童話作家浜田広介が友人や親族と交わした手紙などが並ぶ書簡展=高畠町・浜田広介記念館

 高畠町出身の童話作家浜田広介(1893〜1973年・T3卒・本名:濱田廣助)が親族や友人と交わした手紙を紹介する書簡展が、同町の浜田広介記念館で開かれている。飾らない言葉でやりとりがなされており、同館の島津正道館長は「傑作の下地となった浜田の内面を感じ取ってほしい」と話している。

 手紙やはがきのほか、浜田の写真など48点を展示している。浜田が早稲田大に進学した1914(大正3)年の書簡は、親戚の荒井さよさんとの交流が中心。米沢中(現米沢興譲館高)時代から苦学生の浜田を支えた荒井さんに「無いものばかりで閉口する」「医者にも行けない始末」と窮状を訴え、お金の工面を依頼。荒井さんの「心配しないで勉強しなさい」という返書もあり、2人の信頼関係が読み取れる。

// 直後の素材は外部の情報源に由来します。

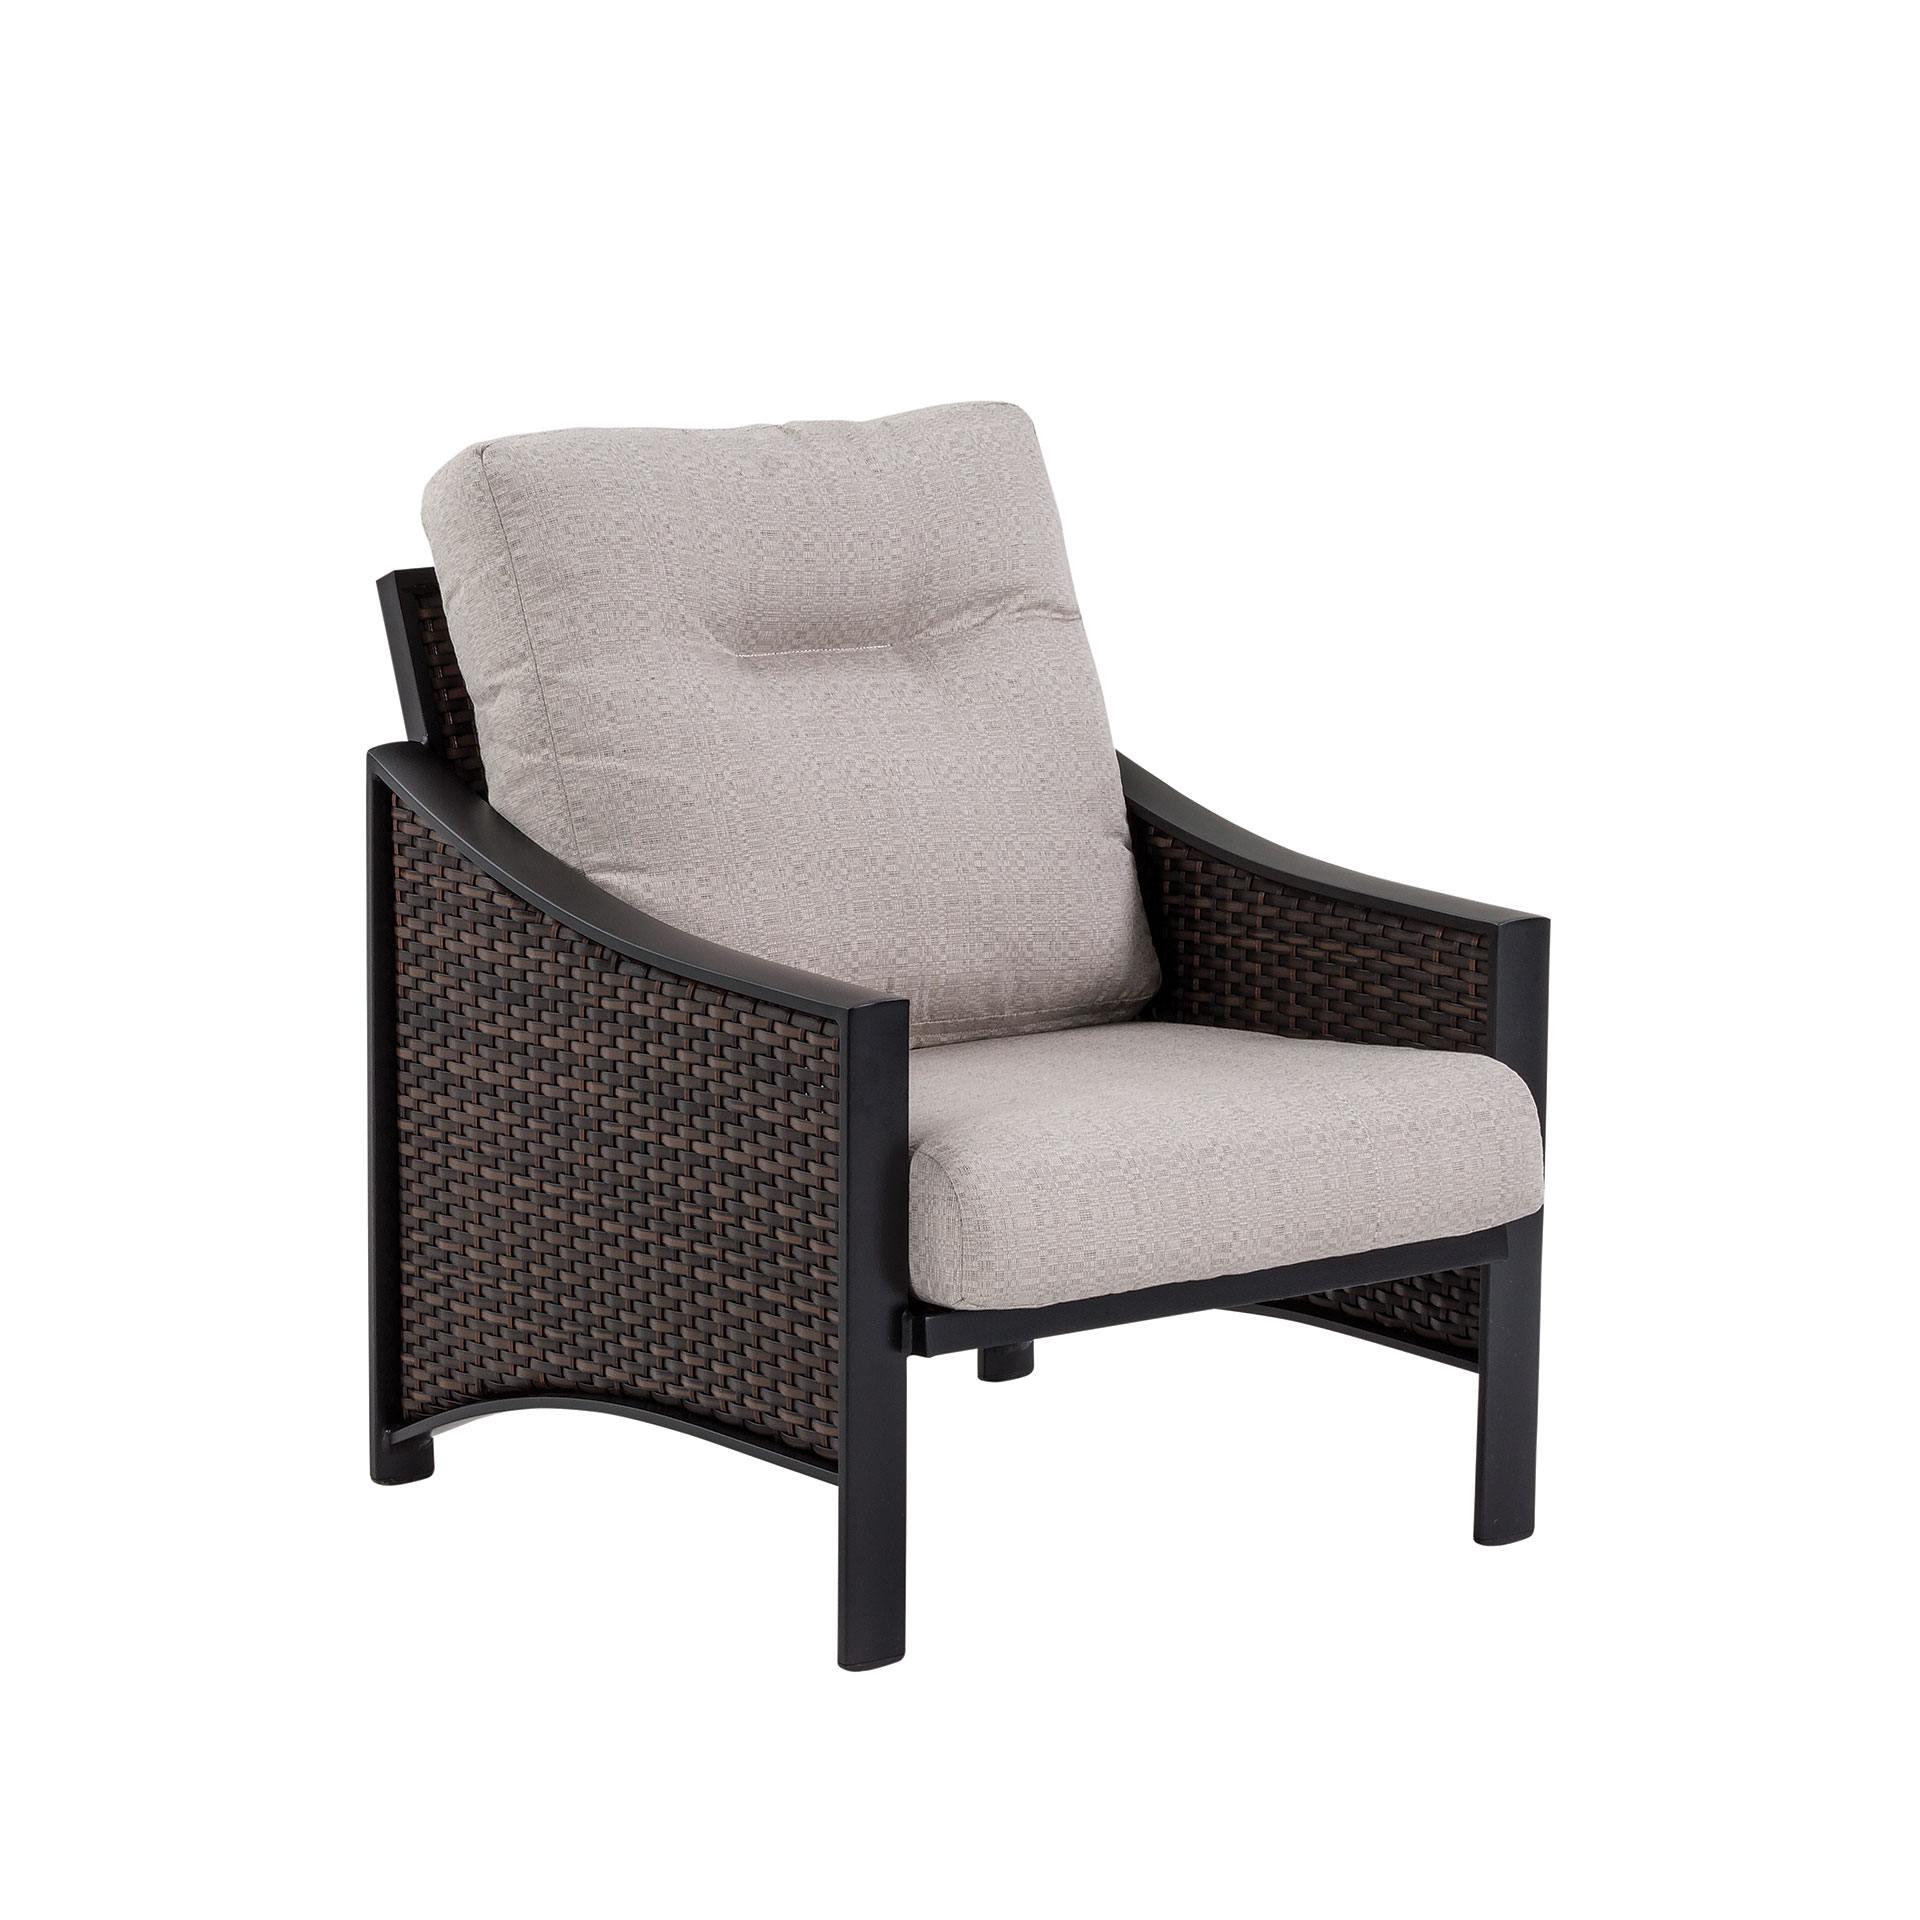 Tropitone Kenzo Woven Lounge Chair Leisure Living

 戦中戦後の書簡は妻トクさんに宛てたものが多い。高畠町に疎開していたトクさんに対し、東京の自宅周辺の空襲被害を絵で知らせたり、出版社からの印税支払いの報告を「まことに安堵の思い」と喜んだりと、混乱期の生活ぶりや浜田の実直で素朴な人間性だ伝わってくる。

 展示は9月3日まで。月曜休館。